Kth Largest Element in a Stream easy

Problem Statement

Design a class to find the kth largest element in a stream. Note that it is the kth largest element in the sorted order, not the kth distinct element.

Your KthLargest class will have a constructor that accepts an integer k and an integer array nums, which contains initial numbers from the stream. The class should also have a method add, which accepts a new number and updates the kth largest element in the stream.

Example 1:

Input
["KthLargest", "add", "add", "add", "add", "add"]
[[3, [4, 5, 8, 2]], [3], [5], [10], [9], [4]]
Output
[null, 4, 5, 5, 8, 8]

Explanation
KthLargest kthLargest = new KthLargest(3, [4, 5, 8, 2]);
kthLargest.add(3);   // returns 4
kthLargest.add(5);   // returns 5
kthLargest.add(10);  // returns 5
kthLargest.add(9);   // returns 8
kthLargest.add(4);   // returns 8

Example 2:

Input
["KthLargest", "add", "add"]
[[2, [0]], [-1], [1]]
Output
[null, 0, 1]

Explanation
KthLargest kthLargest = new KthLargest(2, [0]);
kthLargest.add(-1); // returns 0
kthLargest.add(1);  // returns 1

Steps:

1. Initialization: Use a min-heap (PriorityQueue in Java) of size k to store the k largest elements seen so far.

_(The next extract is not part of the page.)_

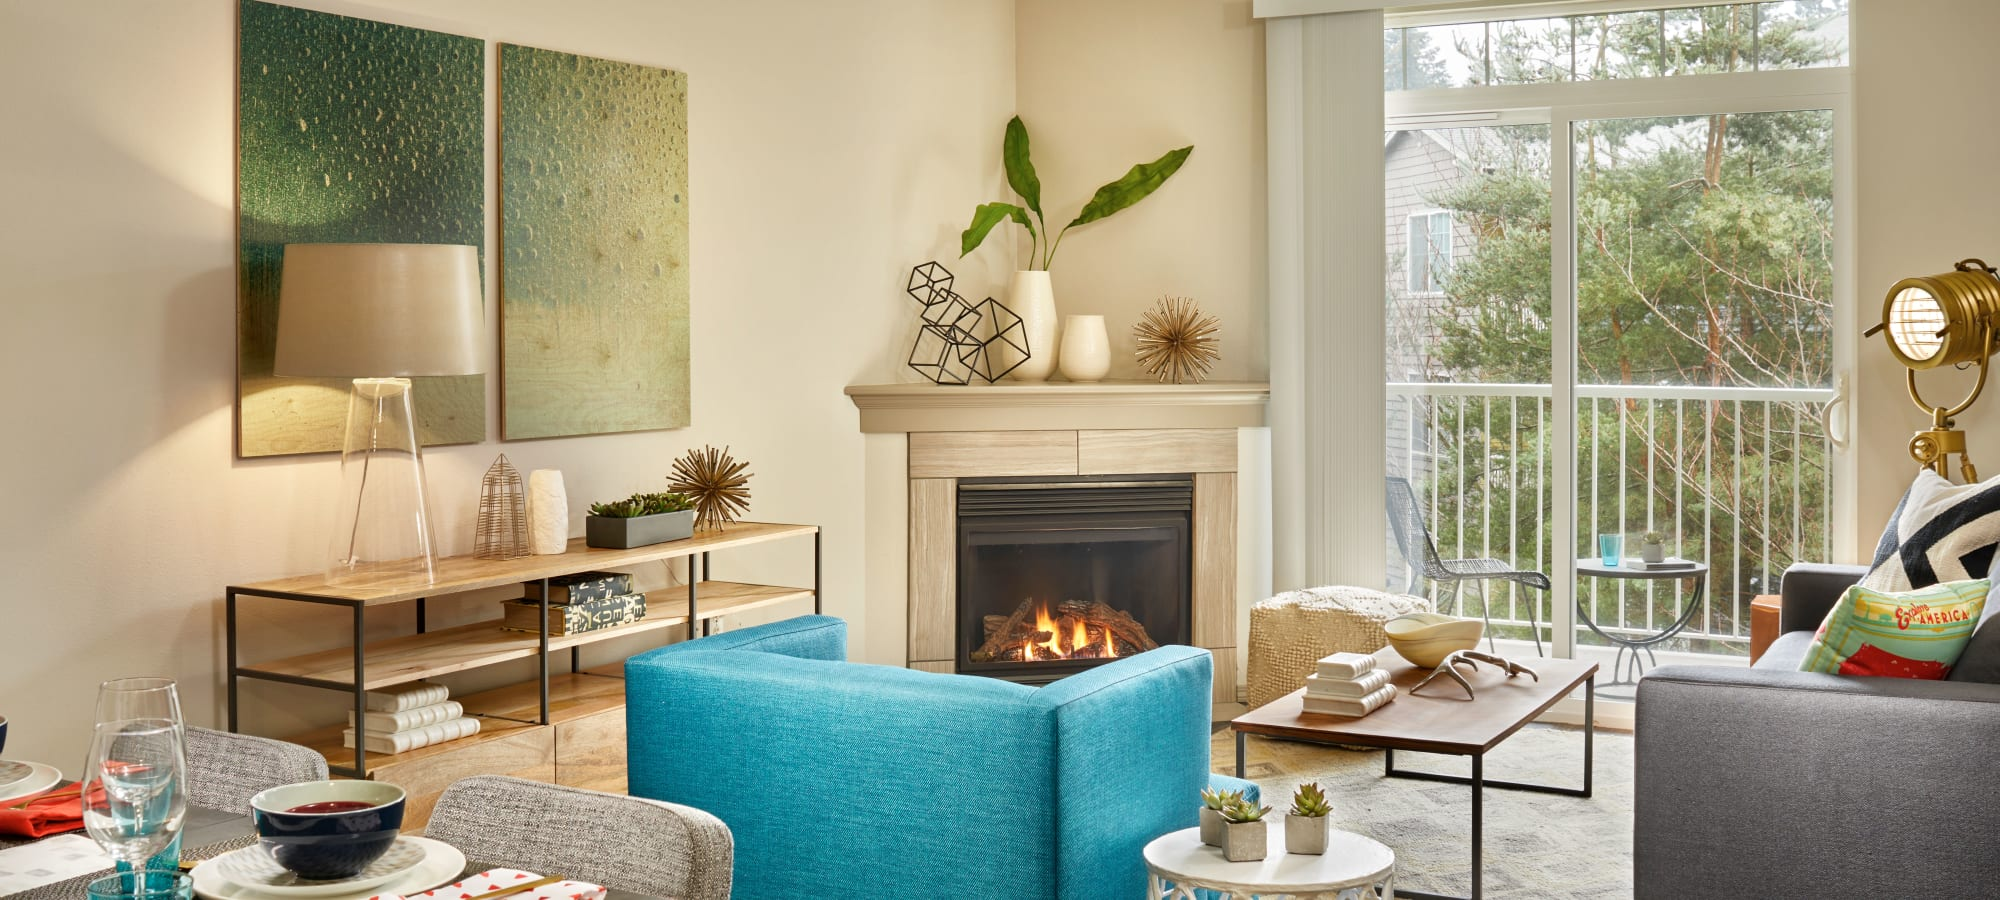 Auburn, Washington apartments at Brookside Village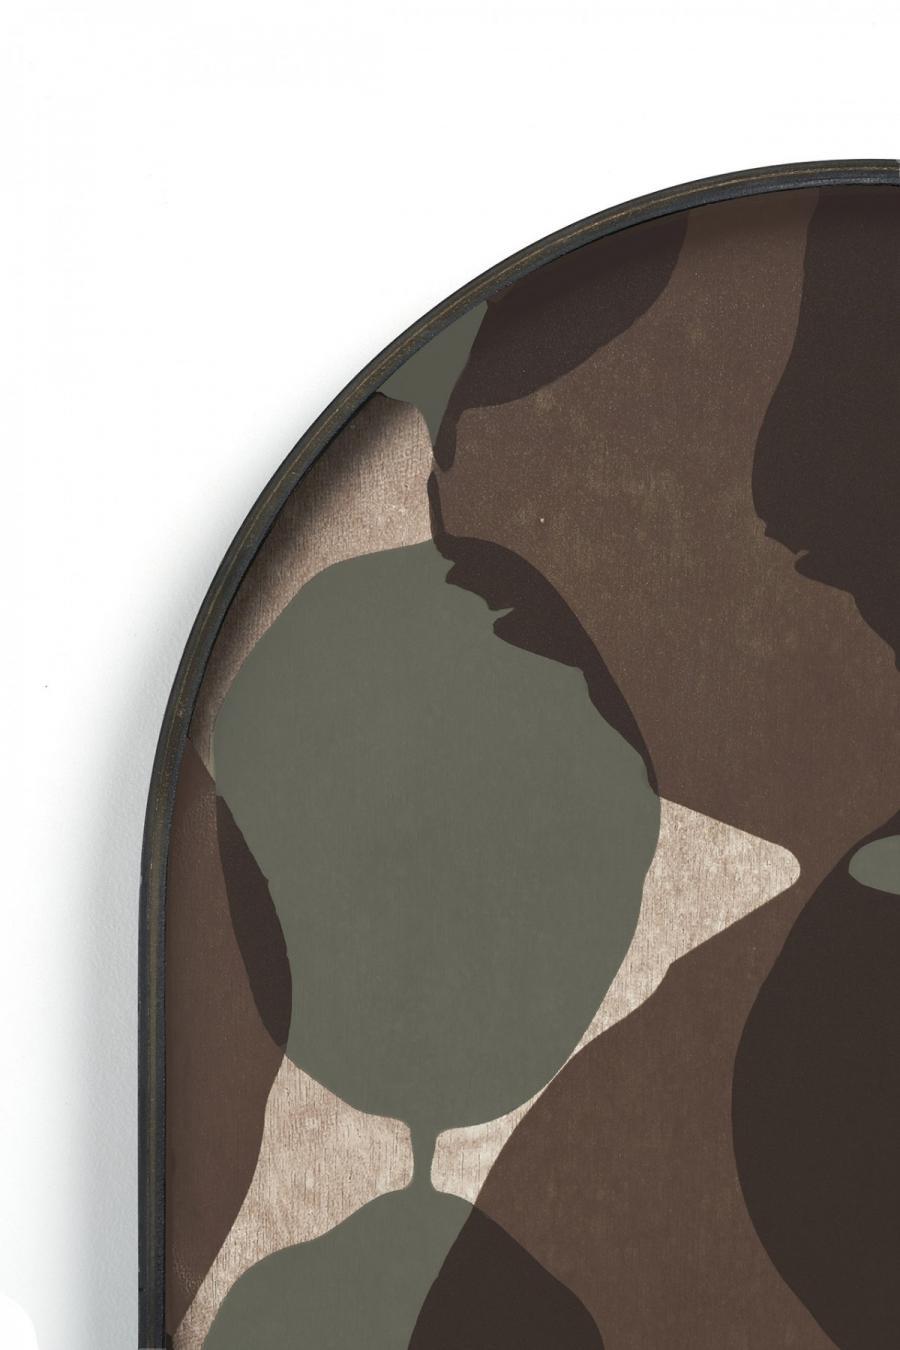 Ethnicraft - Ovalen dienbladen - Connected Dots glazen dienblad - M

During initialization, add the elements from the input nums array to the heap.

2. Adding a new element:

   • If the heap size is less than k, simply add the new element to the heap.
   • If the heap size is equal to k and the new element is greater than the smallest element in the heap (the root), remove the smallest element and add the new element.
   • Return the smallest element in the heap (which is the kth largest).

Explanation:

A min-heap is used because we want to efficiently track the smallest among the k largest elements. By keeping a heap of size k, the smallest element in the heap will always represent the kth largest element encountered so far. If a new element is larger than the current kth largest (smallest in the heap), it replaces it, maintaining the invariant.

Code (Java):

import java.util.PriorityQueue;

class KthLargest {
    private PriorityQueue<Integer> minHeap;
    private int k;

    public KthLargest(int k, int[] nums) {
        this.k = k;
        minHeap = new PriorityQueue<>(); // Min-heap by default

        for (int num : nums) {
            add(num);
        }
    }

    public int add(int val) {
        if (minHeap.size() < k) {
            minHeap.offer(val);
        } else if (val > minHeap.peek()) {
            minHeap.poll();
            minHeap.offer(val);
        }
        return minHeap.peek();
    }
}

Complexity:

• Time complexity:

  • Constructor: O(N log k), where N is the length of nums. Adding N elements to a heap of size k takes at most O(N log k) time.
  • add method: O(log k) on average. Adding or removing an element from a heap of size k takes O(log k) time.

• Space complexity: O(k) to store the min-heap.